Let’s take the “Bicycle Rider” thing. Jules Siegel called the music “cold” and Brian spoke to Paul Williams about the history of the bicycle. Van Dyke noted that the inspiration came from a deck of cards and Frank Holmes noted the C.C. Ryder connection. Fans of psychedelic music note the use of bicycle imagery in that genre’s offerings and LSD fans note Albert Hoffman’s first intentional ingesting of the compound involved a bicycle ride. I could go on but the point is that I’m getting pretty confused. I think it’s time to whip out “the phrase” (remember it’s “mysteries full of meaning”).

Okay, so obviously “Bicycle Rider” is “full of meaning” right? There’s a whole heck of a lot of meaning there...maybe too much. But it doesn't matter. The explanation is simple and easy. “Bicycle Rider” is a mystery full of meaning. Done.

Let’s see. Is there a SMiLE track that ISN’T a mystery full of meaning????

Here’s one (maybe)… “Heroes And Villains (intro)” from the Good Vibrations 30 Years box set. Let’s even forget the bit about how this music ends up with “Mrs. O’Leary’s Cow” instead of “Heroes And Villains” on Brian Wilson Presents SMiLE.  Let’s just take the music. Okay, what does it mean? Uh. Dang, I have no freakin’ idea. So it’s a mystery and it probably has some meaning attached to it somehow…maybe for Brian. The music reminds me of when I was a kid you’d go out to the backyard and look up at the sky and spin around till you got dizzy and collapsed. There’s some meaning for me. Hey, “the phrase” works!

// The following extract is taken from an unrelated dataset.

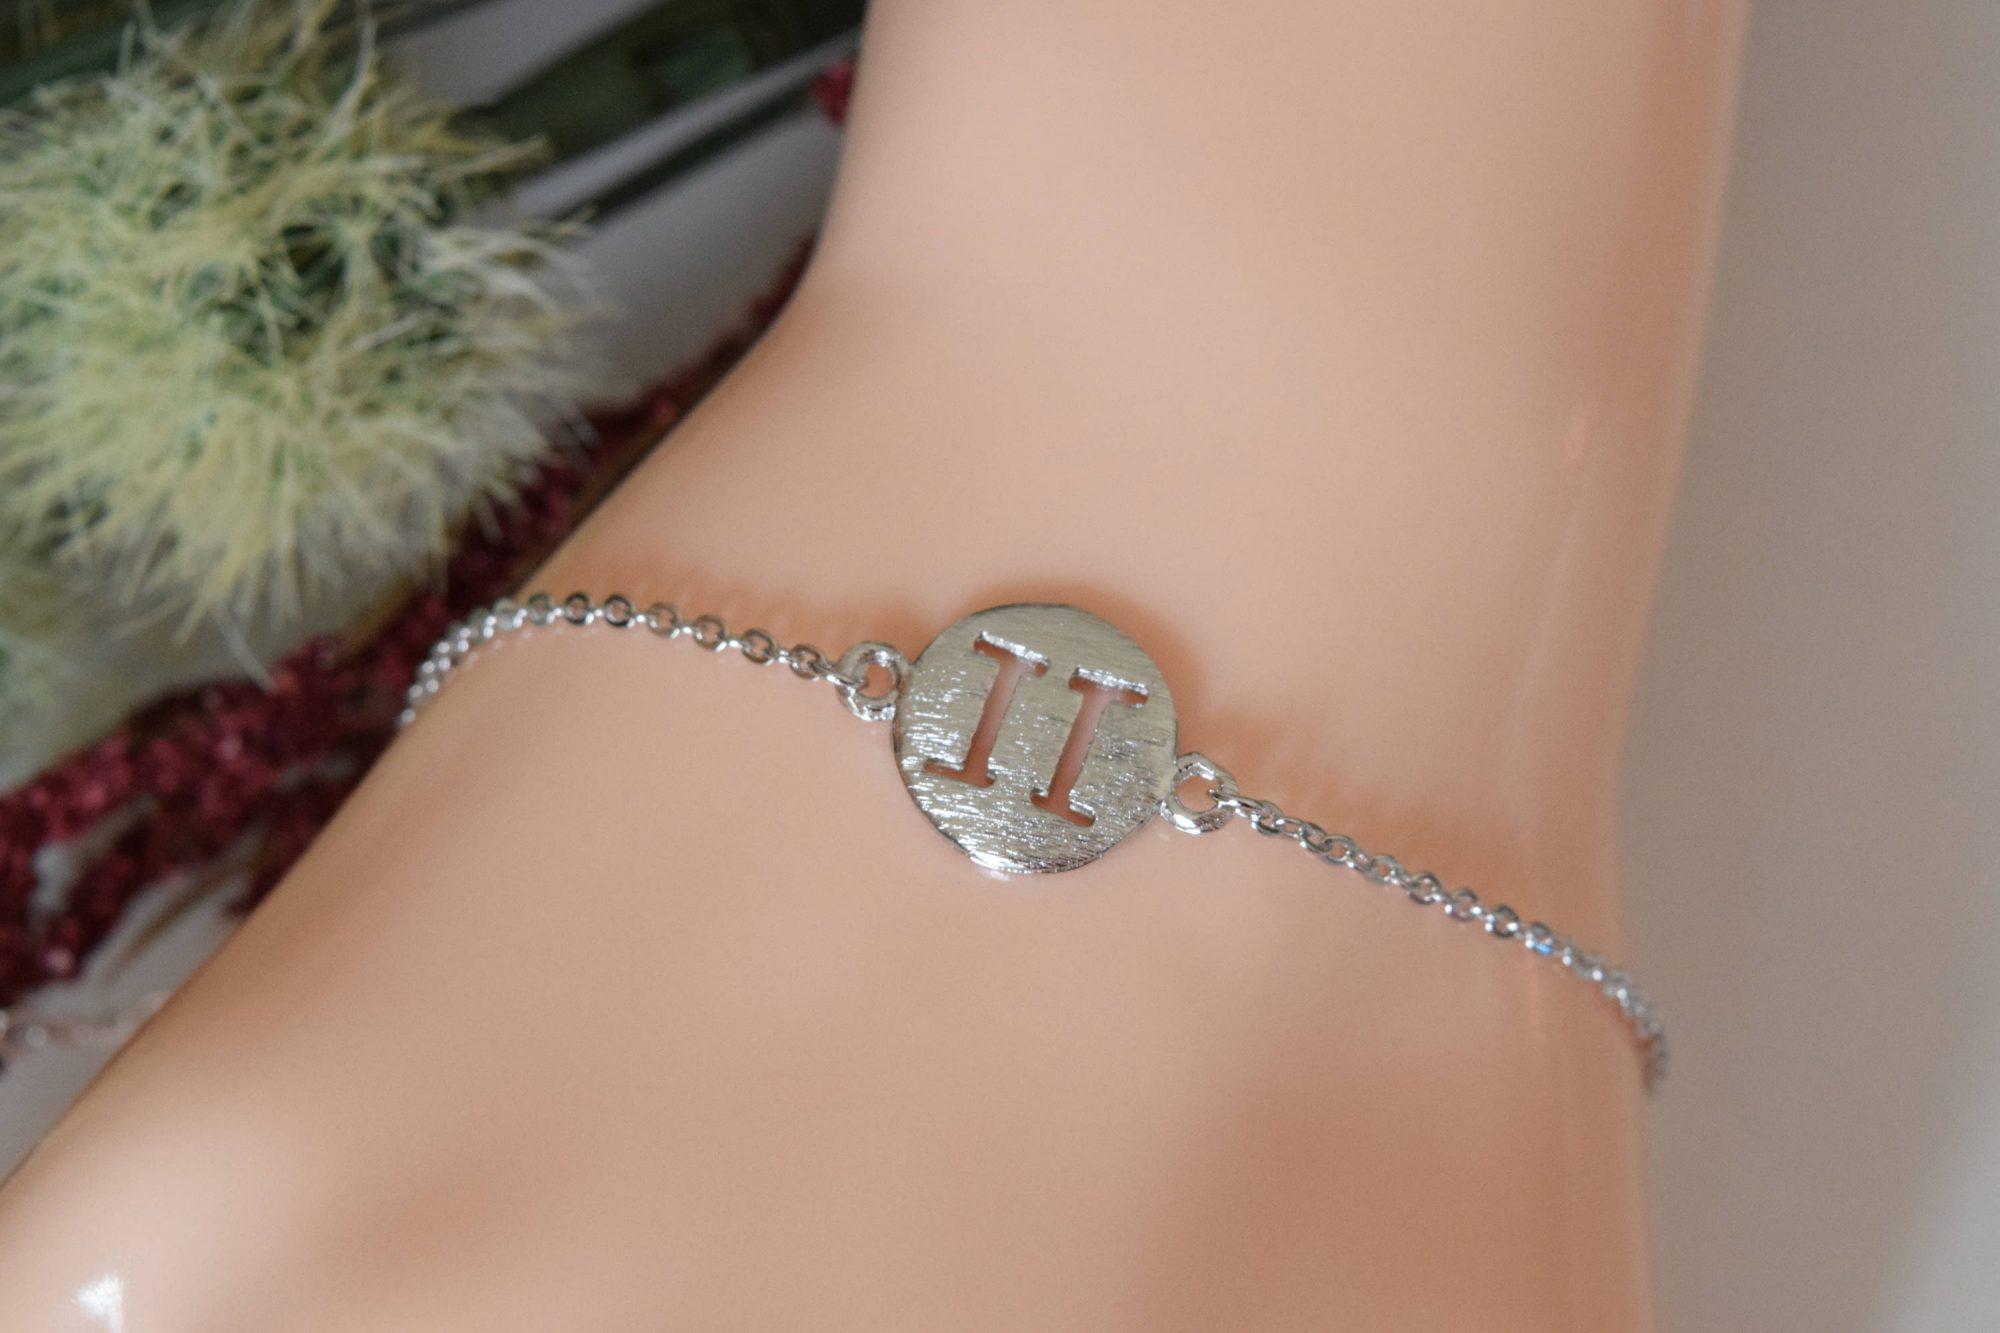 AlluringGrace zodiac jewelry

Frank Holmes had some similar personal recollections enter into his explanations of his SMiLE art. That worms behind the curtain thing was a reference that only Frank got. It was based, in part, on a Van Dyke Park’s lyric that probably had meaning for Van Dyke. Heck, wait, I seem to recall Van Dyke once stating that his SMiLE lyrics had meaning for him (“him” meaning Van Dyke Parks). 

So you can see that if Brian’s music has meaning (remember Brian’s quote about people “getting the music”? If you are gonna “get it” you’re gonna “get” the meaning right?) and Van Dyke Park’s lyrics have meaning and Frank Holmes’ groovy SMiLE drawings have meaning (dig Franks’ ‘splaining at the back of Dom Priore’s latest SMiLE book) then the whole SMiLE album is totally FULL of MEANING!!!

All hail “the phrase” (remember it’s “mysteries full of meaning”)!

And the whole SMiLE album, even after Brian Wilson Presents SMiLE, STILL comes across as one big mystery full of little mysteries. I mean that’s what has been causing all my SMiLE based frustrations in the first place. All those books and articles and videos and DVDs ‘splaining stuff to me and giving me headaches are all messed up because they never can explain it all. Never.

They aren’t using “the phrase.” They aren’t saying, “hey Bill, SMiLE is one big mystery full of meaning.” And they are most certainly not saying that SMiLE is INTENTIONALLY a mystery full of meaning. They most certainly aren’t saying that.

But brothers and sisters the amazing power of those magic four words should not be overlooked. They’ll set you free. Use their power for good. Finally you can explain SMiLE and end up in a hang-up free zone.

And if you want to further investigate “the phrase” and learn the context from which those four precious words were taken you’ll find them on page 129 of Brian’s dreaded “autobiography.” Perhaps that larger context will help further explain SMiLE. 

Come on. Dust off that old copy from your bookshelf and check it out. I mean, at the very least, take out your yellow highlighter and help four uncanny very special words stand out from the pack (remember …“mysteries full of meaning”).








The Original Zen Interpretation Of SMiLE webpage











It has been this webpage's contention from the start that the Beach Boys' SMiLE album was, in essence, a Zen koan or riddle. Ever since this idea first came to me (based upon a single Zen reference: that being from Jules Siegel's article) there has been a continuous stream of information that has solidified my original position, and so, from this writer's point of view--SMiLE definitely appears to some sort of Zen koan; Brian Wilson's musical version of a Zen riddle.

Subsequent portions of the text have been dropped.